Data block:
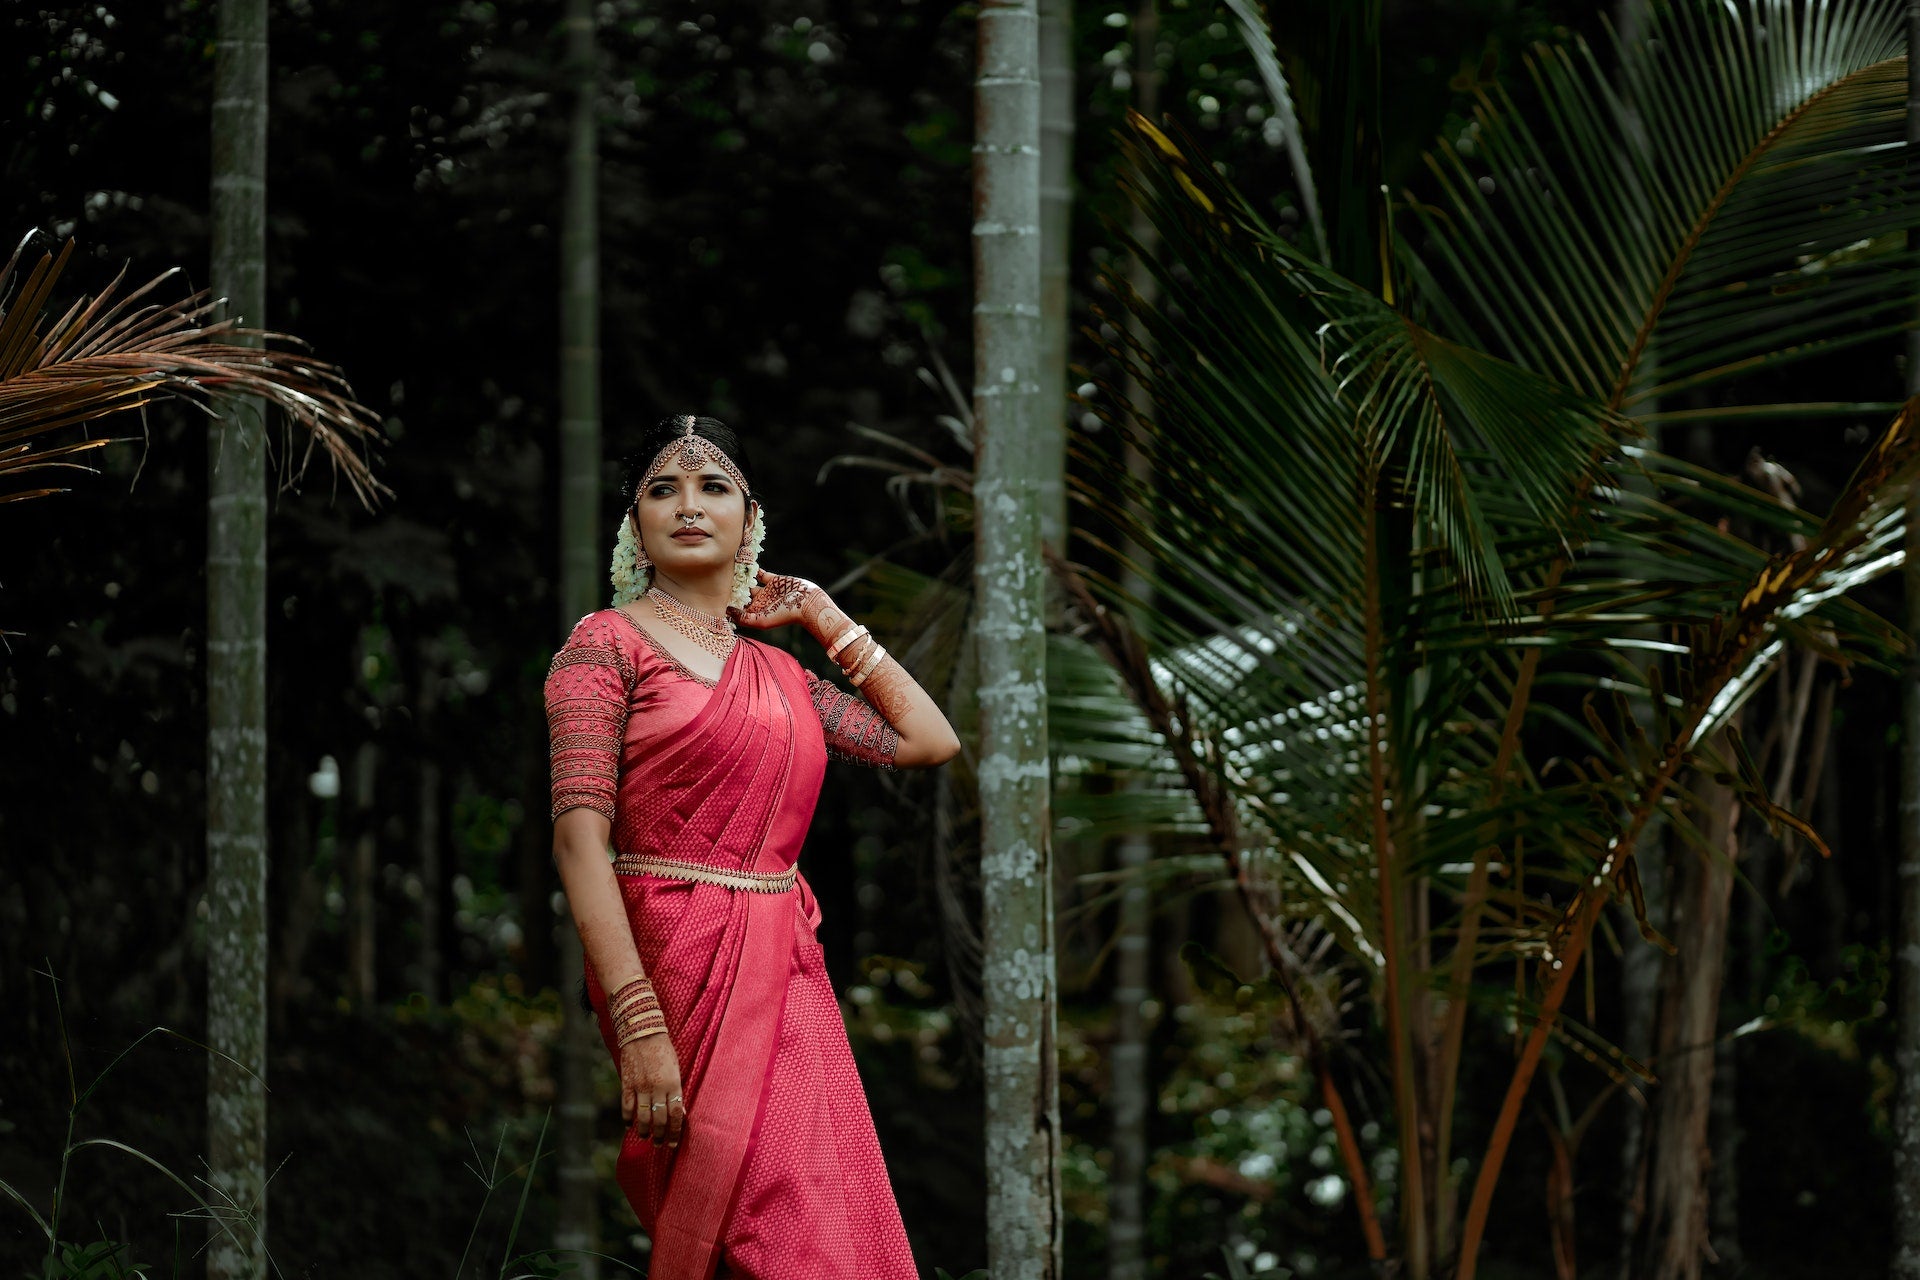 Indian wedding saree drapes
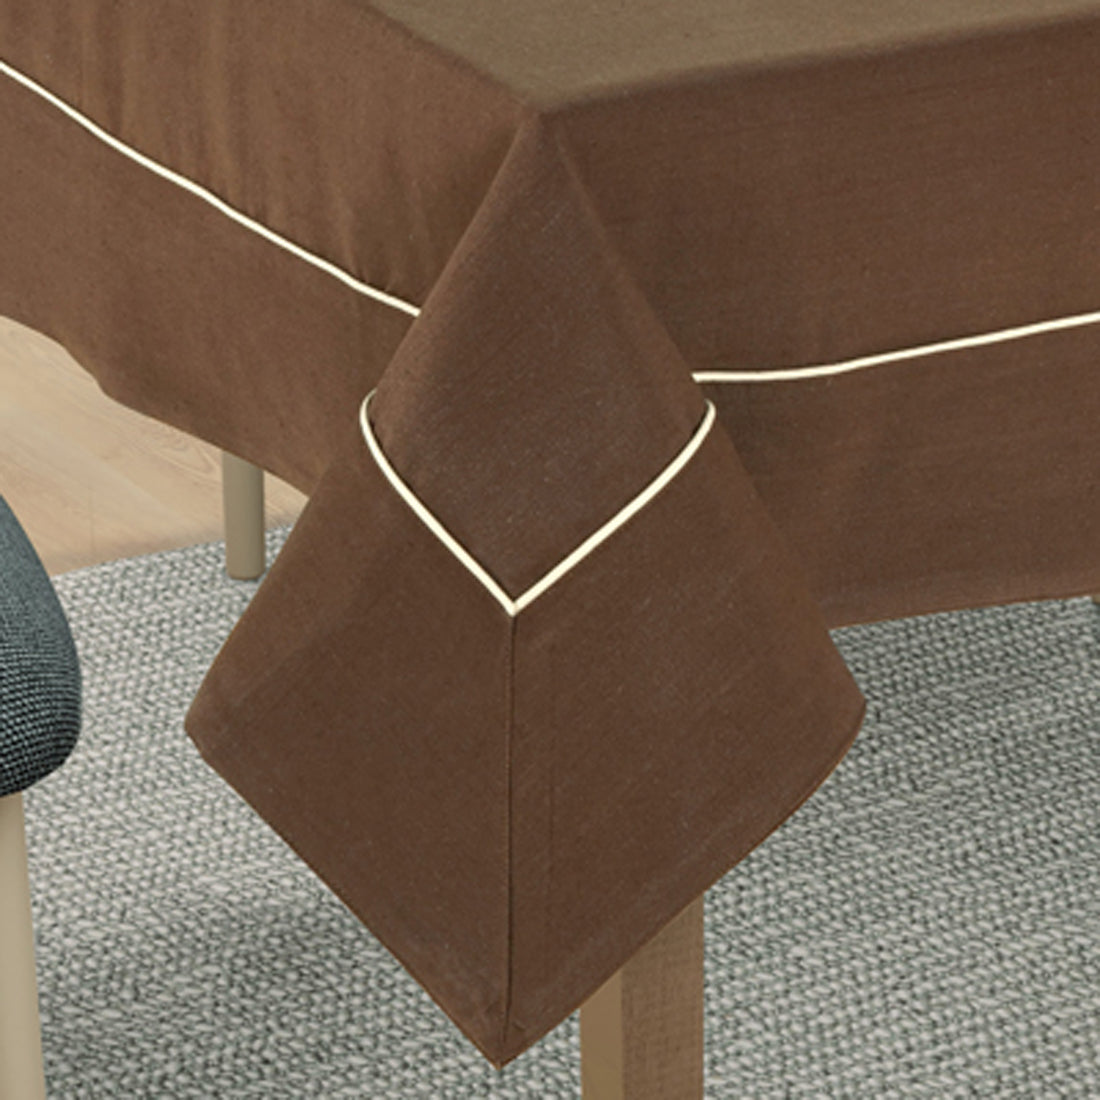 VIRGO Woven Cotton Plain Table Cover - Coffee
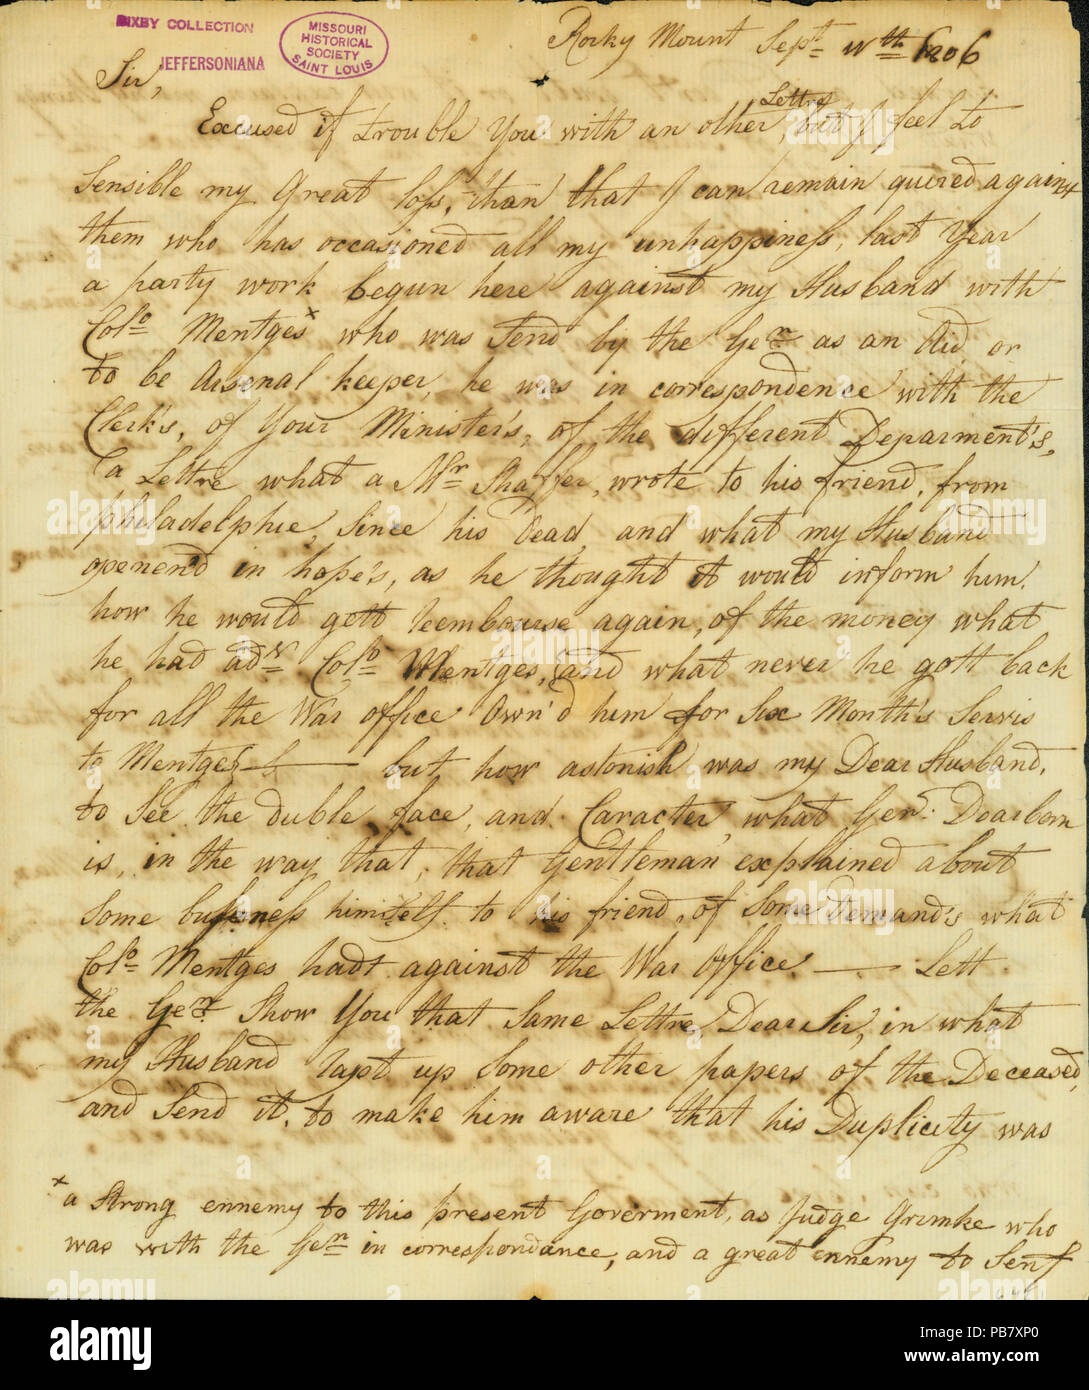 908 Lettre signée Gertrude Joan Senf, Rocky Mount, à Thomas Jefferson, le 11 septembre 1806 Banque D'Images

About this task:
Reproduce the listing word for word, but keep the pictures out of it.

Result of this exercise:
 Indian wedding saree drapes
 VIRGO Woven Cotton Plain Table Cover - Coffee
 908 Lettre signée Gertrude Joan Senf, Rocky Mount, à Thomas Jefferson, le 11 septembre 1806 Banque D'Images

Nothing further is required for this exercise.